Deploying humanoid robots to interact with real-world environments--such as carrying objects or sitting on chairs--requires generalizable, lifelike motions and robust scene perception. Although prior approaches have advanced each capability individually, combining them in a unified system is still an ongoing challenge. In this work, we present a physical-world humanoid-scene interaction system, PhysHSI, that enables humanoids to autonomously perform diverse interaction tasks while maintaining natural and lifelike behaviors. PhysHSI comprises a simulation training pipeline and a real-world deployment system. In simulation, we adopt adversarial motion prior-based policy learning to imitate natural humanoid-scene interaction data across diverse scenarios, achieving both generalization and lifelike behaviors. For real-world deployment, we introduce a coarse-to-fine object localization module that combines LiDAR and camera inputs to provide continuous and robust scene perception.
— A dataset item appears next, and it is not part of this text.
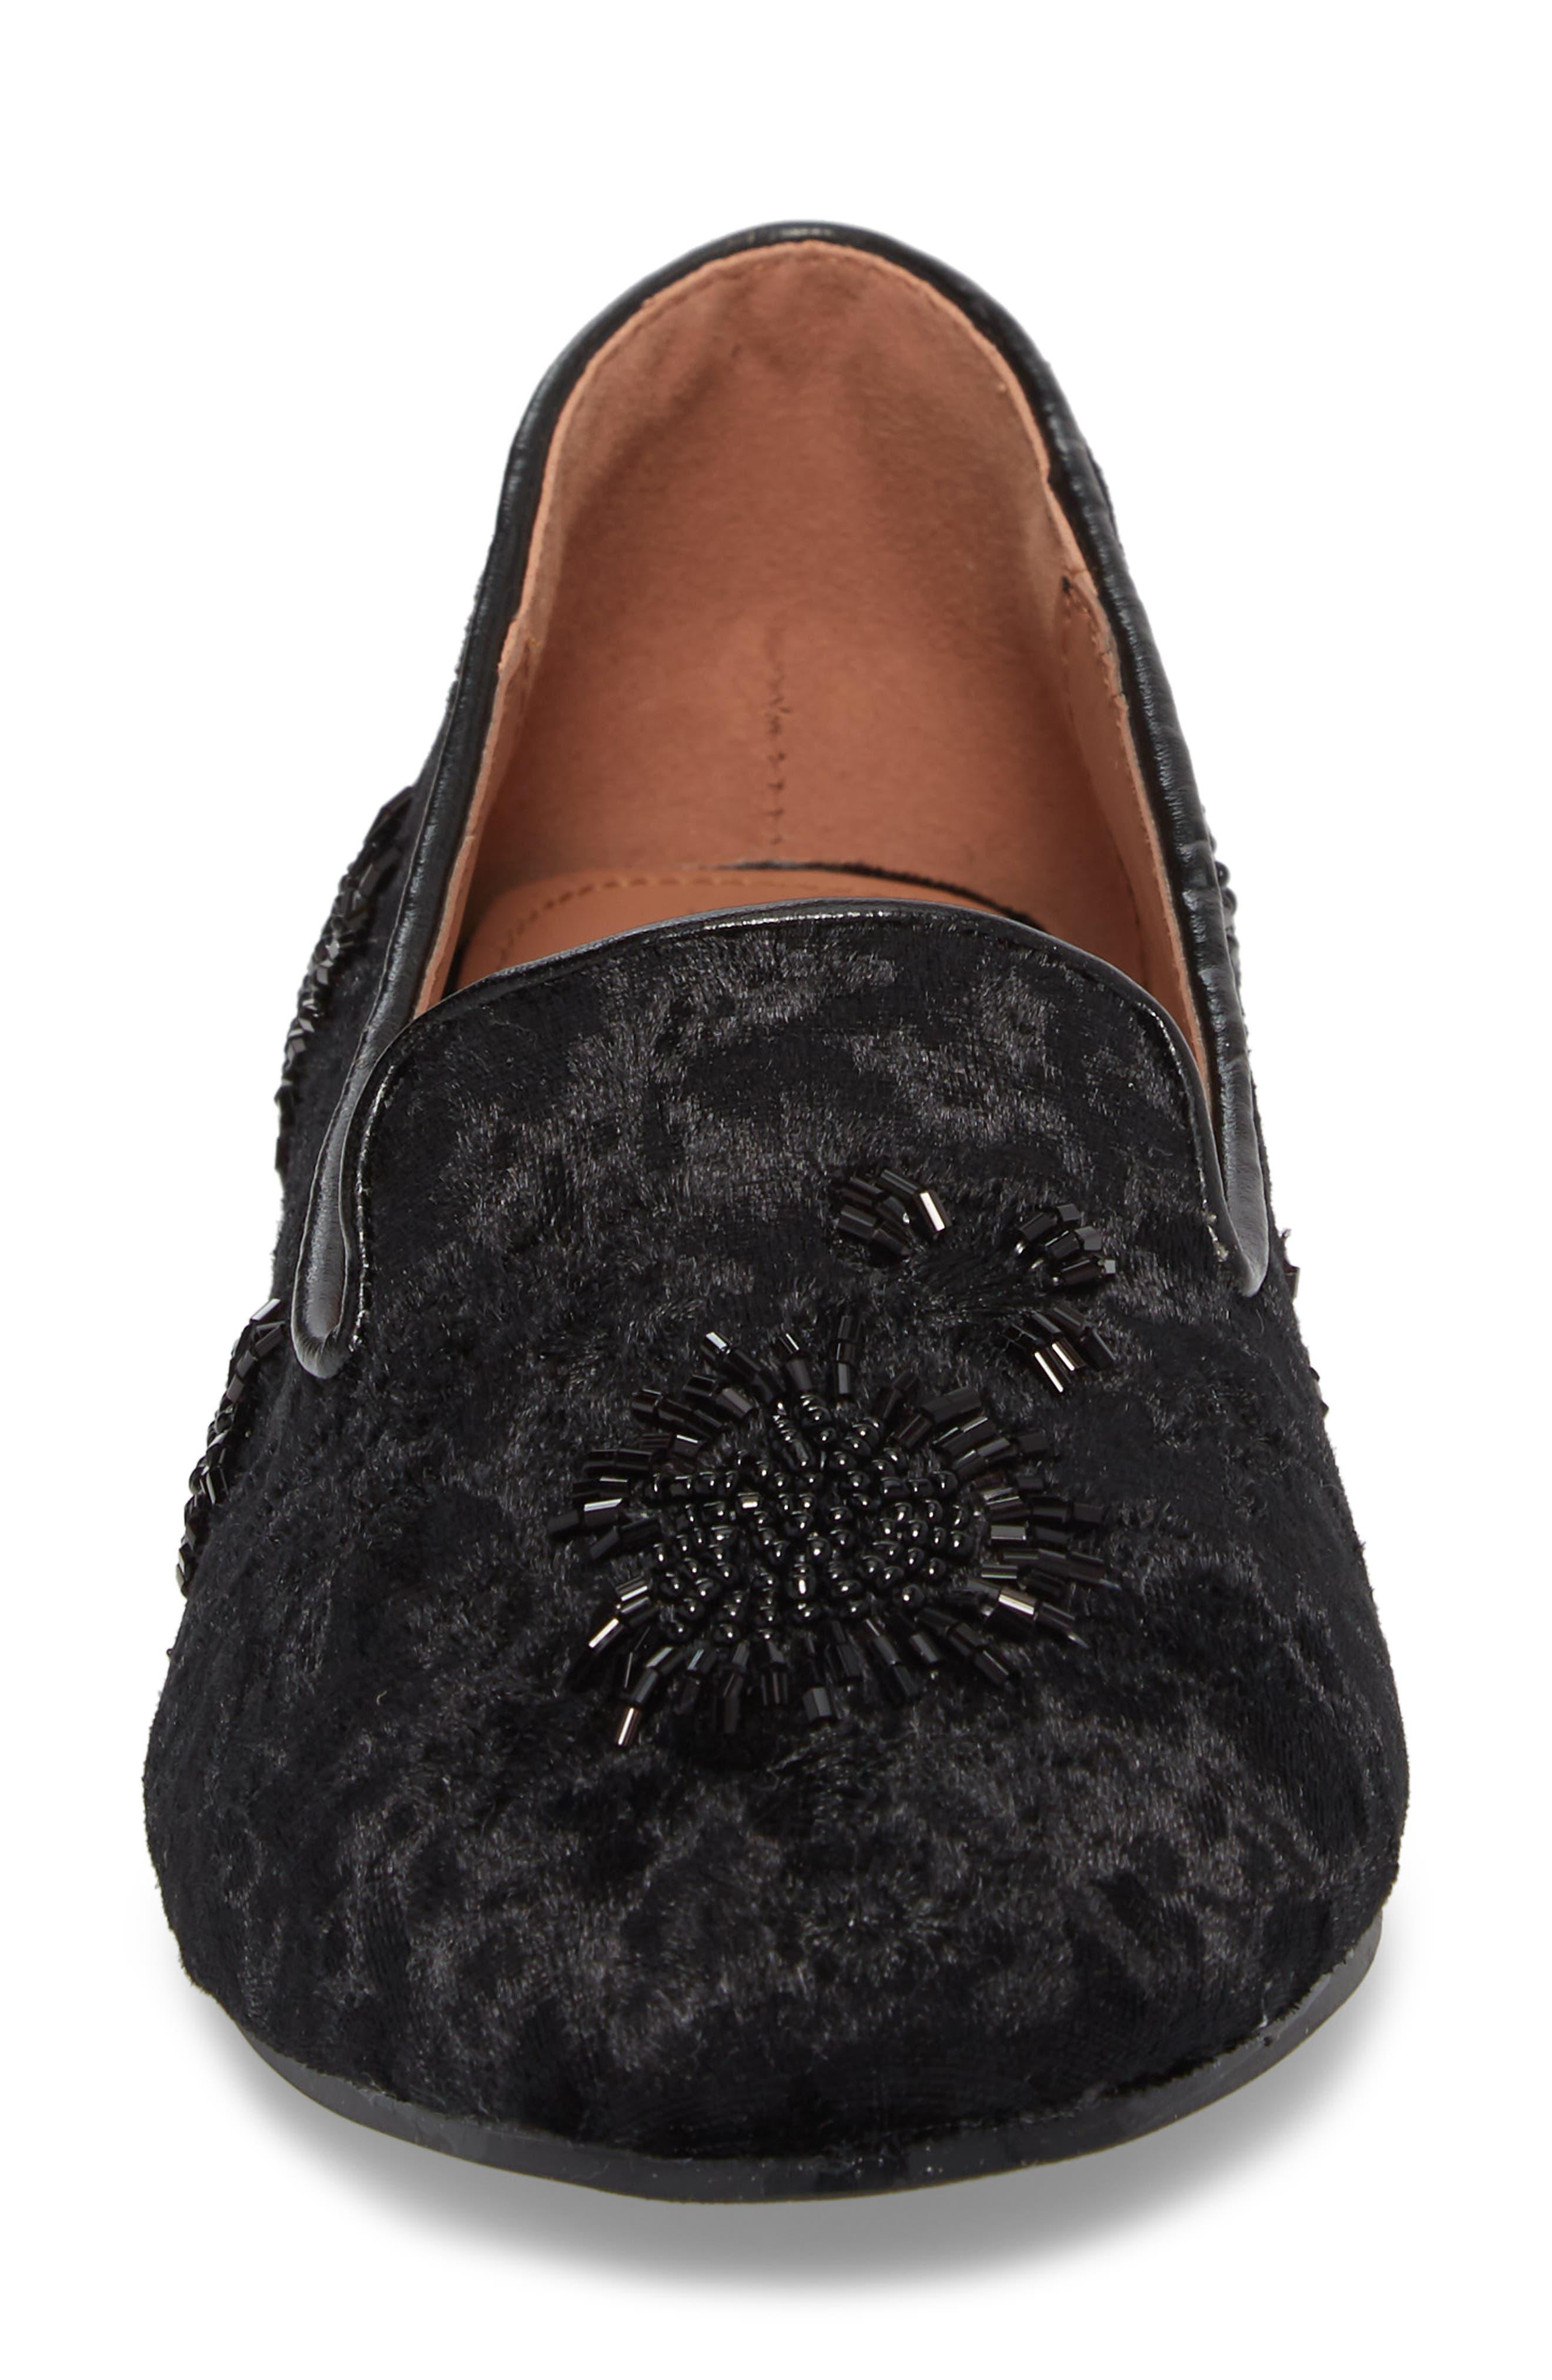 Syrup Embellished Loafer,                             Alternate thumbnail 4, color,                             BLACK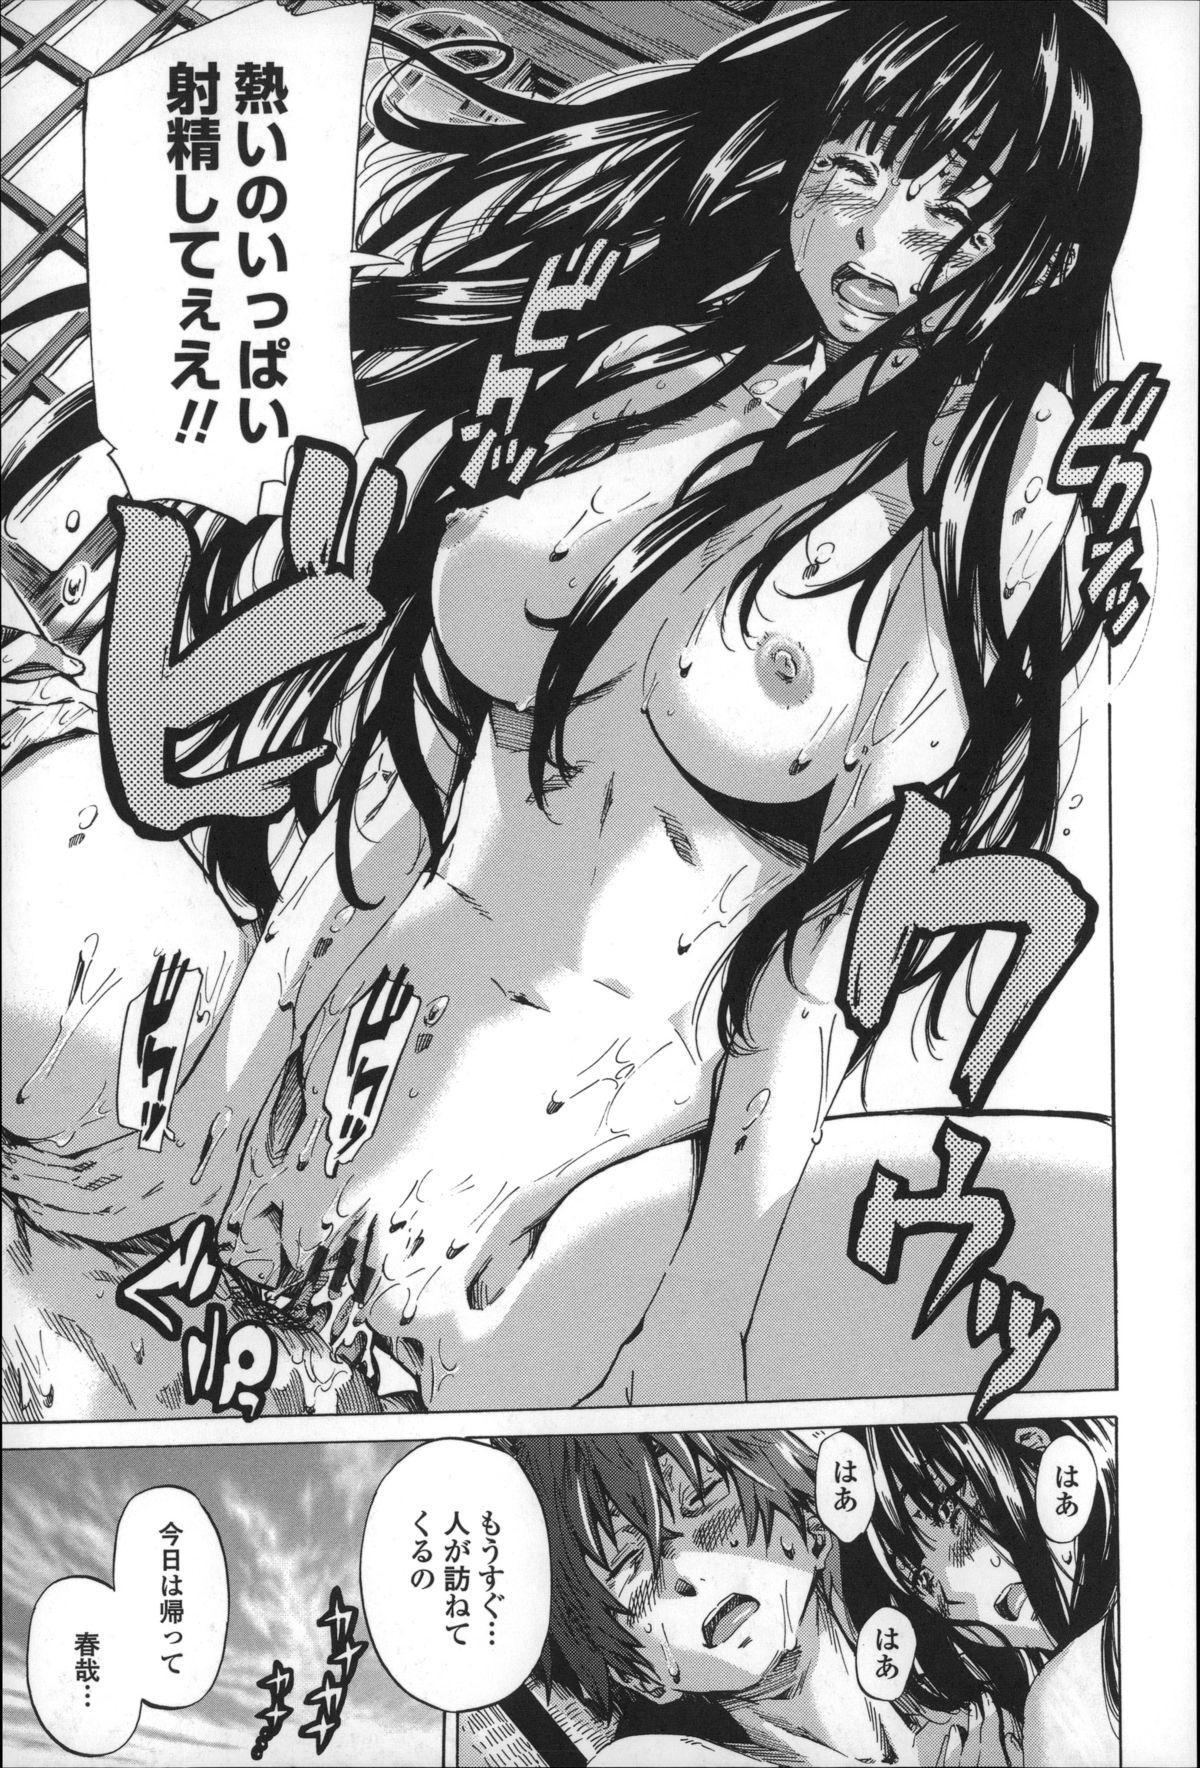 Choushin de Mukuchi no Kanojo ga Hatsujou Shite Kitara Eroiyo ne? 128

We validate PhysHSI on four representative interactive tasks--box carrying, sitting, lying, and standing up--in both simulation and real-world settings, demonstrating consistently high success rates, strong generalization across diverse task goals, and natural motion patterns.

Paper Structure

This paper contains 40 sections, 22 equations, 5 figures, 10 tables.

Figures (5)

  • Figure 1: Overview of PhysHSI. (a) Dataset Preparation: Human motions from a MoCap dataset are retargeted to humanoid motions, and objects are annotated by identifying key contact frames. (b) AMP Policy Training: A discriminator distinguishes between policy-generated and reference motions to facilitate learning of natural behaviors and task completion. (c) Real-World Deployment: The coarse object position is manually specified using LiDAR visualization, and combined with odometry for coarse localization when the object is outside the camera's FOV. Once within view, AprilTag detection combined with odometry is used for fine-grained, automated localization.
  • Figure 2: Spatial Generalization. Root trajectories of the robot are shown for tasks (a) Carry Box and (b) Lie Down. Red trajectories indicate reference data, with others representing sampled policy motions.
  • Figure 3: Real-World Generalization.PhysHSI generalizes to diverse real-world scenes, (a) handling boxes of varying shapes, weights, and heights, and (b) sitting or (c) lying on chairs and beds of different heights, both indoors and outdoors.
  • Figure 4: Real-World Localization System Analysis. (a) Localization error versus robot–object distance, with coarse-to-fine transition statistics and distribution. (b) A representative object localization trajectory, highlighting three stages: (i) coarse localization, (ii) fine localization, and (iii) grasp.
  • Figure 5: 3D model of the D455 camera bracket.